2.3. LTV filters and trainable FIRs

The harmonic LTV filter is defined in equation (3). A noisy LTV filter is defined similarly. Convolution can be done in the time or frequency domain. As shown in Figure 7, the filtering process of the harmonic components is shown.

Figure 7: NHV model trained from m ₀ frame in the vicinity of the sampled signal. The figure shows 512 sample points or 4 frames. Drawn only from a response _h h [m _0, n] from the frame pulse ₀ m.

As proposed by DDSP, an exponentially decaying trainable causal FIR h[n] is applied in the last step of speech synthesis. The convolution (s _h [n]+s _n [n])*h[n] is performed by FFT in the frequency domain to reduce computational complexity.

2.4, neural network training

2.4.1. Multi-resolution STFT loss

The pointwise loss between x[n] and s[n] cannot be applied to train the model because it requires full alignment of the glottal closure instants (GCIs) in x and s. Multiresolution STFT losses can tolerate phase mismatches in the signal. Suppose we have C different STFT configurations, 0≤i<C. Given the original and the reconstructed signal x s, i calculated using the configuration STFT amplitude profile of X _i and S _i, each comprising K _i values. In NHV, we use a combination of magnitude and L1 norm of log magnitude distance. Reconstruction loss L _R is the sum of all distances in all configurations.
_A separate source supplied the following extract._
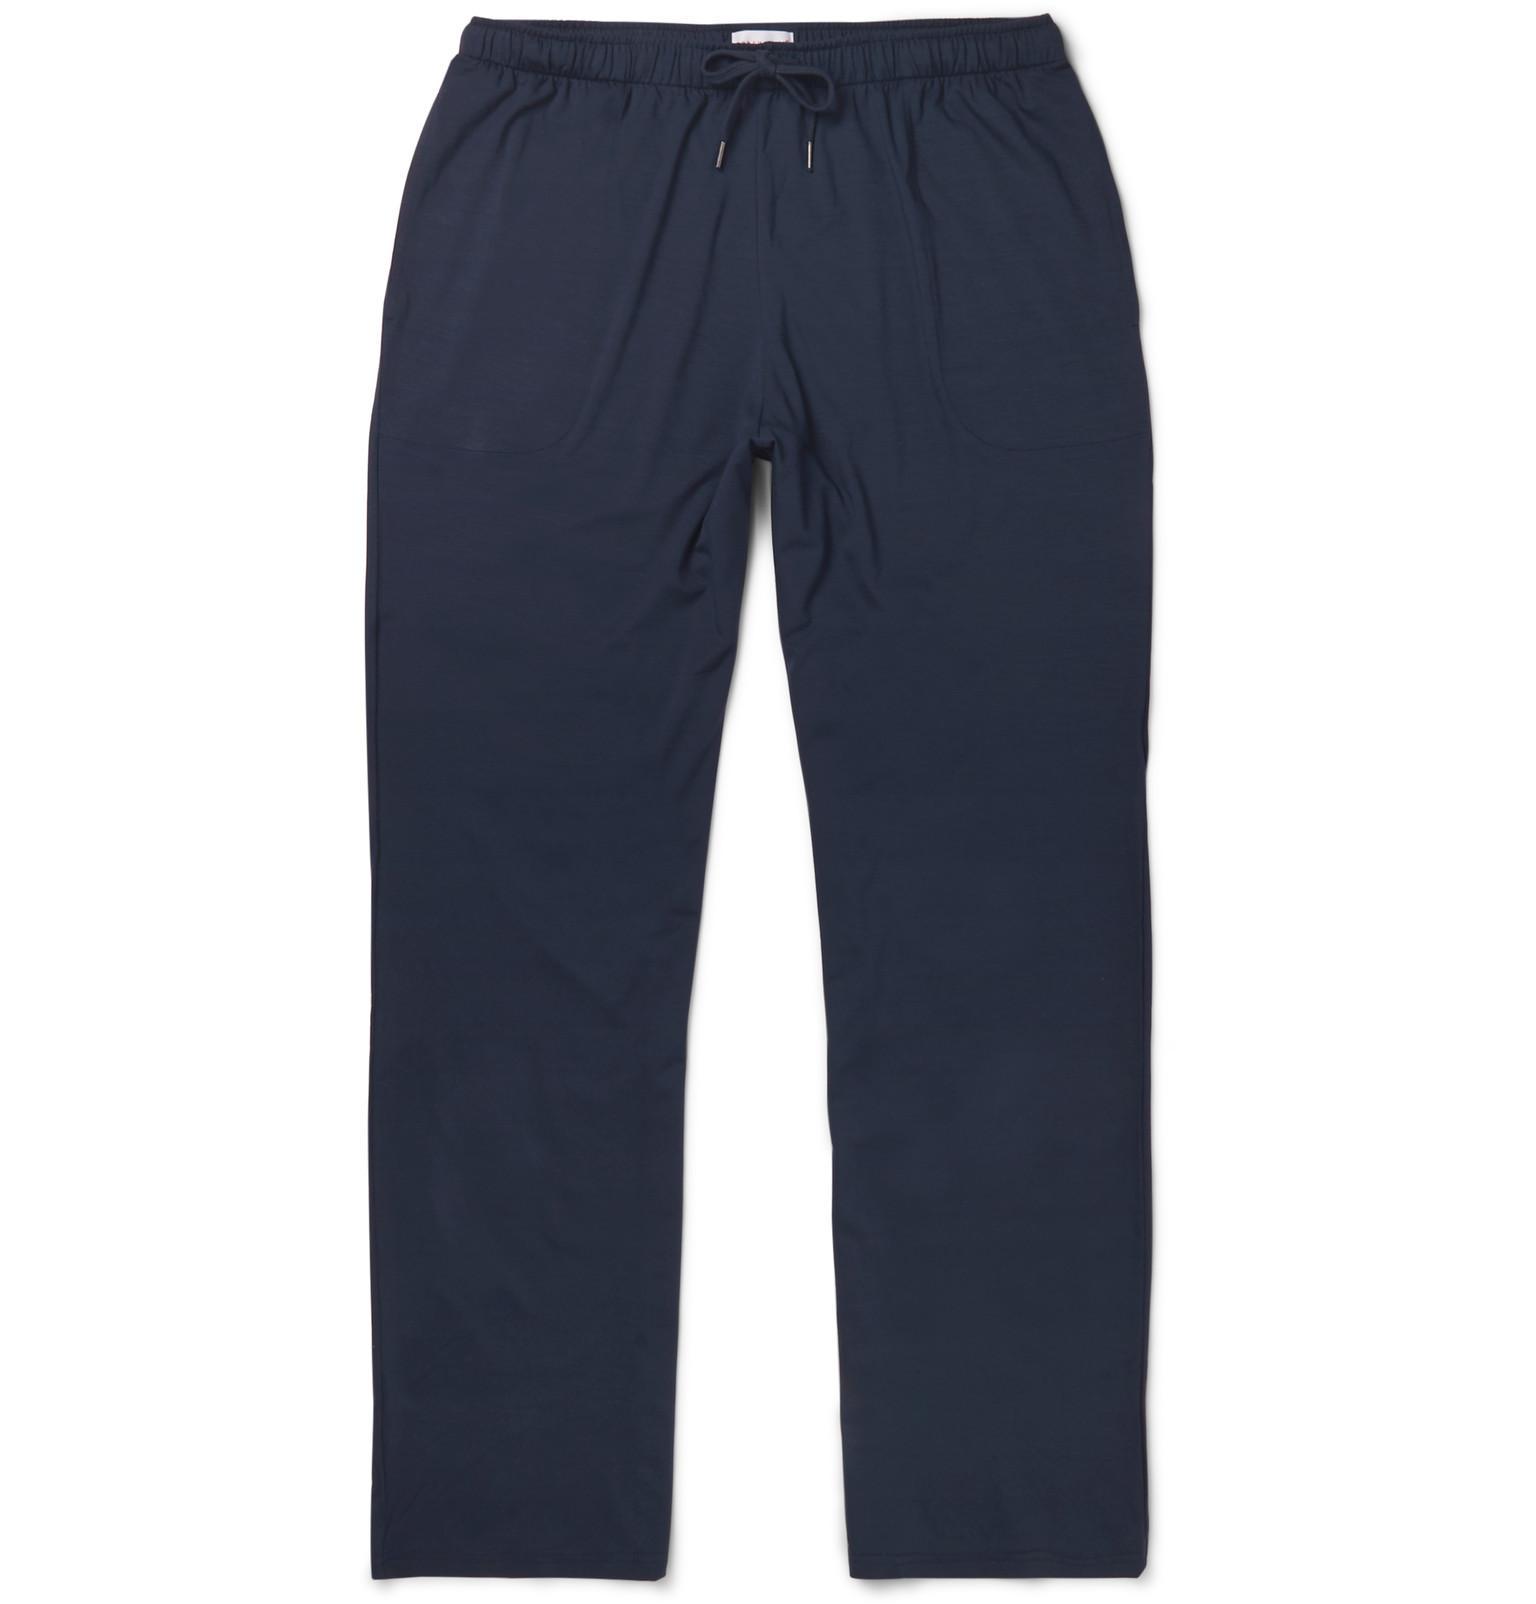 Bâle Pantalon Extensible Longues En Jersey Micro Modal Derek Rose HmIRB

We found that using more STFT configurations reduces distortion in the output speech. We use Hanning windows of size (128, 256, 384, 512, 640, 768, 896, 1024, 1536, 2048, 3072, 4096) with 75% overlap. The FFT size is set to twice the window size.

2.4.2. Adversarial loss function

NHV relies on adversarial loss functions with waveform inputs to learn temporal fine structures in speech signals. Although we do not need adversarial loss functions to guarantee periodicity in NHV, they still help to ensure phase similarity between s[n] and x[n]. The discriminator should make separate decisions for different short segments in the input signal. The discriminator we use in our experiments is WaveNet based on log mel-spectrograms. Details of the discriminator structure can be found in Section 3. We use the hinge loss version of GAN in our experiments.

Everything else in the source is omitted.